One of the main tasks of the visual system is to combine the edges and surfaces of individual objects into a perceptual group, and thus create a representation of visual scenes in which multiple objects are segregated from the background. Many studies have focused on how single objects (usually simple figures, like small squares) are segregated. These studies have shown that the firing rate of a given cell in early visual cortex is greater when its receptive field (RF) overlaps with a figure than when it falls on a background. The increase in firing rate is referred to as figure–ground modulation (Lamme, 1995). Cells in early visual areas also encode the borders of figures. These cells often show a preference for a particular border of a figure (e.g., the left or right side) in their RF. This preference is termed border-ownership selectivity (Qiu et al., 2007). Recent research has begun to investigate how more realistic natural scenes with multiple, complex objects are represented in the primate visual system, how figure–ground modulation and border-ownership selectivity interact with each other, and how attention influences these signals. So far, two main hypotheses have been proposed to explain the neural representation of multiple objects in the primate visual system. Early visual areas could either use a “rate code,” in which different figures are encoded by different firing rates, or a “synchrony code,” in which neurons that represent the same object fire in synchrony. Two exciting recent studies have examined how multiple objects in the visual scene are segregated from their background. Gilad and Slovin (2015) suggest that separate objects are labeled by different levels of activity in V1. Martin and von der Heydt (2015) suggest that feedback from cells in higher visual areas influences the synchrony between cells in lower area: cells which receive feedback from a common source are more likely to fire synchronous spikes. The authors test this idea by measuring the synchrony between cells representing the borders of objects to study their connectivity. Both studies make use of recordings in the visual cortex of awake, behaving monkeys performing attention-demanding behavioral tasks.
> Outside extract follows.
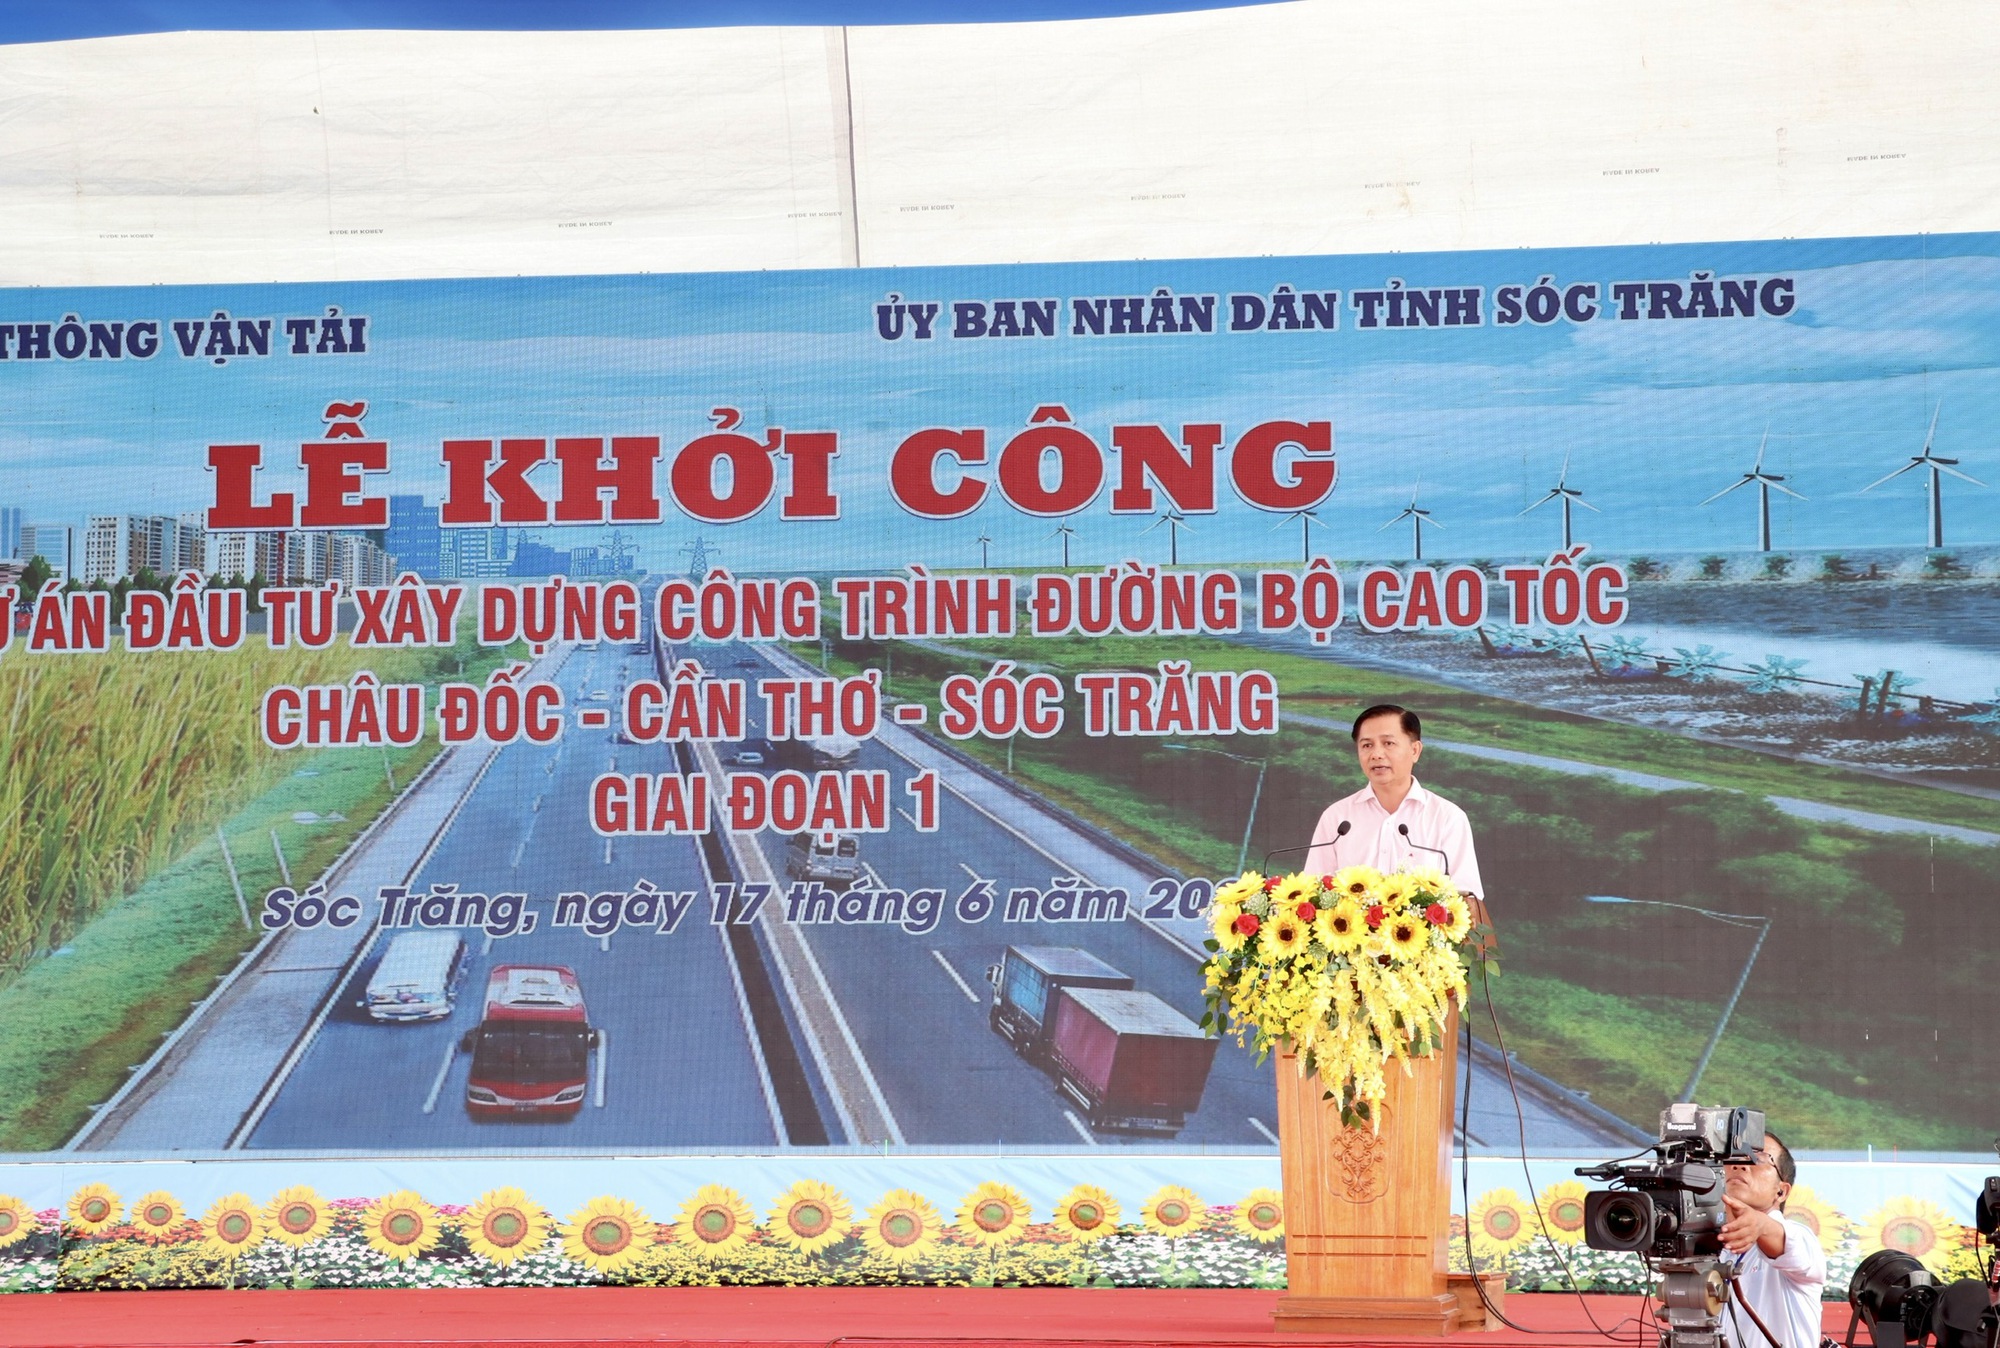 Trực tiếp khởi công cao tốc Châu Đốc - Cần Thơ - Sóc Trăng gần 44.700 tỷ đồng - Ảnh 2.
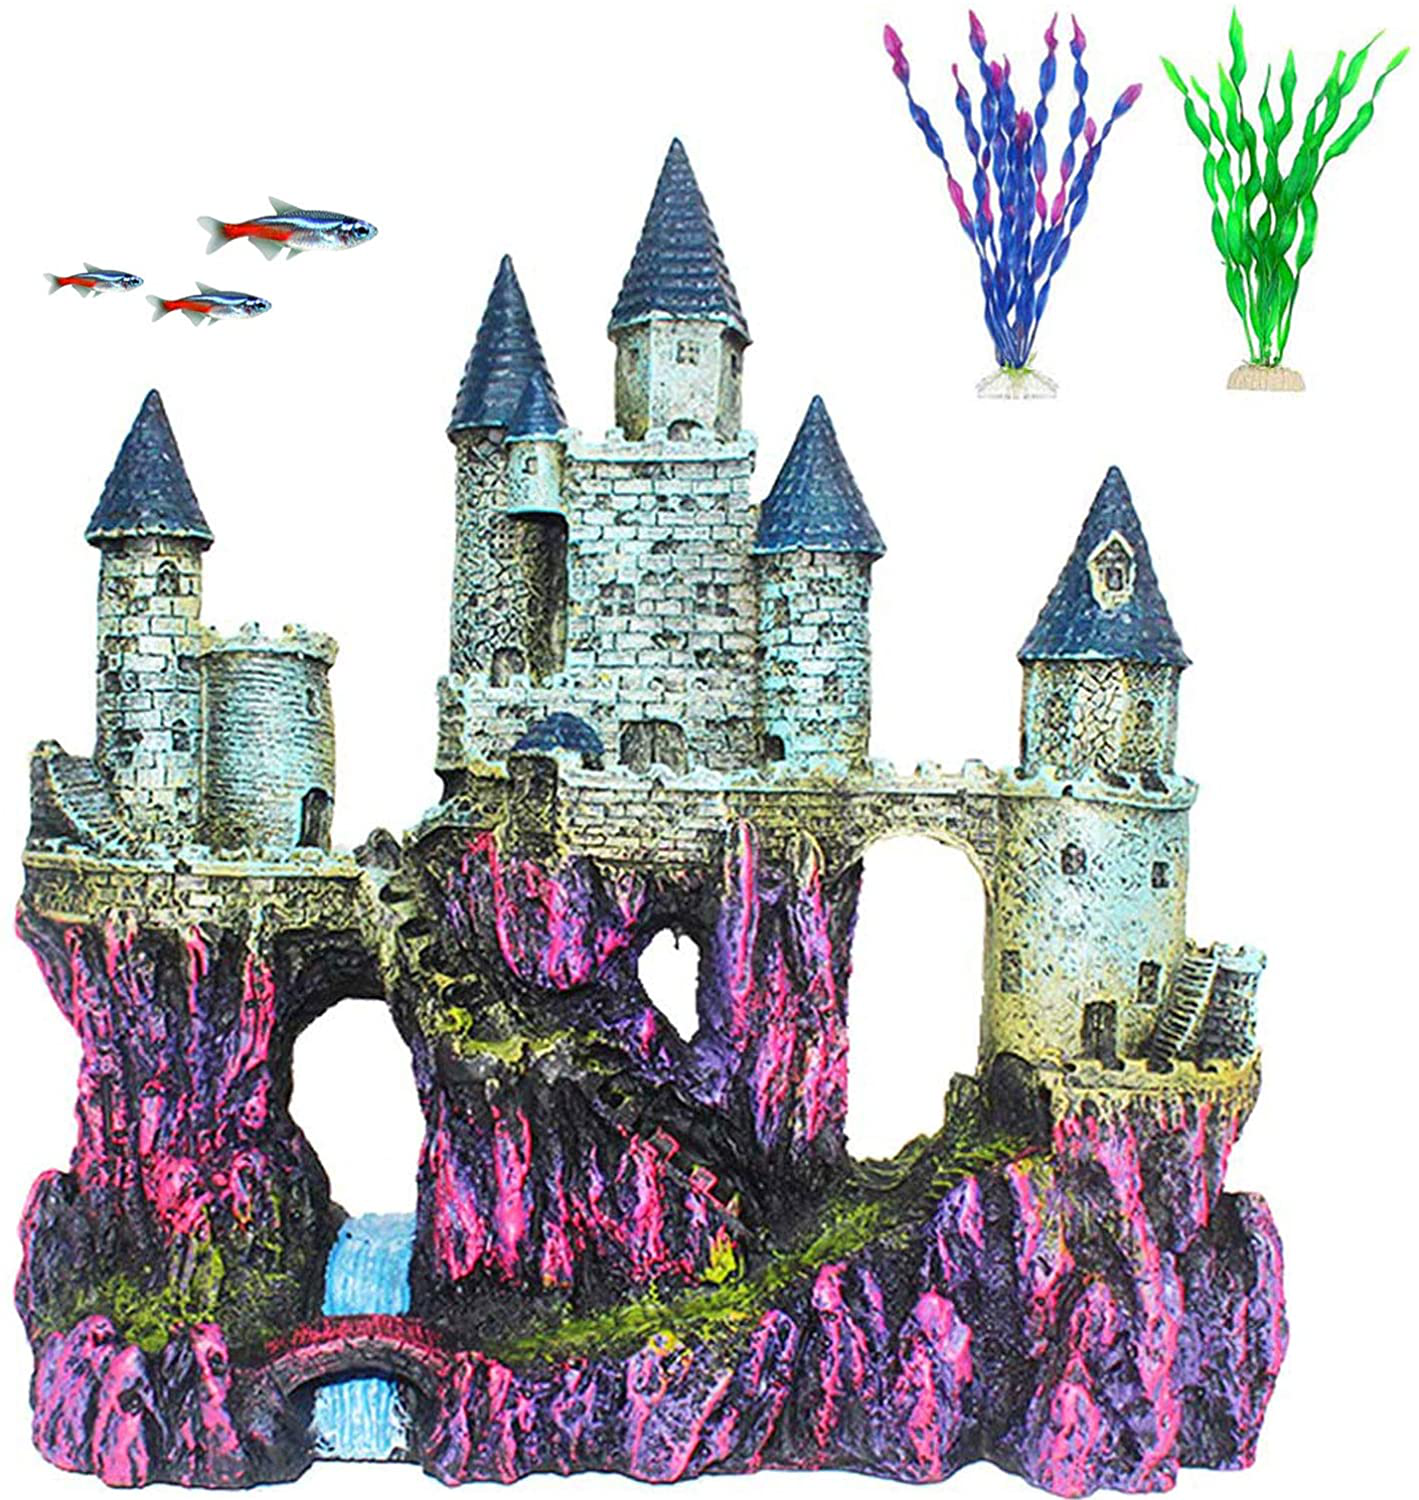 PINVNBY Aquarium Resin Castle Decoration Fish Tank Driftwood Castle Cave Hideouts House Plants Supplies Accessories(3 Pcs) Animals & Pet Supplies > Pet Supplies > Fish Supplies > Aquarium Decor PINVNBY Purple

Gilad and Slovin (2015) measured the population response of V1 neurons with voltage-sensitive dye imaging (VSDI) to investigate whether a response amplitude code might be used to label multiple objects in the visual scene. Such a response amplitude code may be due to different firing rates for neurons that code for different objects. They presented monkeys with two motion-defined horizontal bars, and on some trials, the bars were connected with semicircular segments to form a single object. The monkeys were trained to report whether the bars were separated or connected (Gilad and Slovin, 2015, their Fig. 1). The bars were always presented at the same locations, and VSDI measurements of the cortical surface in V1 were made at the retinotopic locations corresponding to the centers of the top and bottom bars. Importantly, the connecting segments fell well outside the imaged region and the classic receptive fields of the recorded neurons. Surprisingly, responses of neurons representing the top bar were consistently higher and responses of neurons representing the bottom bar were consistently lower when the bars were separated than when they were connected. This phenomenon is referred to as figure–figure modulation (ΔFF, i.e., the difference in the mean population response between the top and bottom bar when the bars are separated vs connected). This modulation was found across many experimental manipulations, such as varying figure sizes, having a connector at one or two sides of the figure, and motion directions for the connectors that vary in their motion-direction agreement with the bars. In a subset of experiments, the saliency of the connected percept was varied by decreasing the difference in motion direction between the connected segments and the background. The results show an excellent correlation between the monkeys' ability to perform the task and ΔFF: the monkeys' accuracy to determine whether the bars were connected was higher when ΔFF (the difference in activity between the top and bottom bar) was larger (Gilad and Slovin, 2015, their Fig. 6). Indeed, ΔFF could be used to predict the choice of the monkey on single trials. The results suggest a very robust modulation (ΔFF) between the cortical representations of top and bottom bars when they form separate objects.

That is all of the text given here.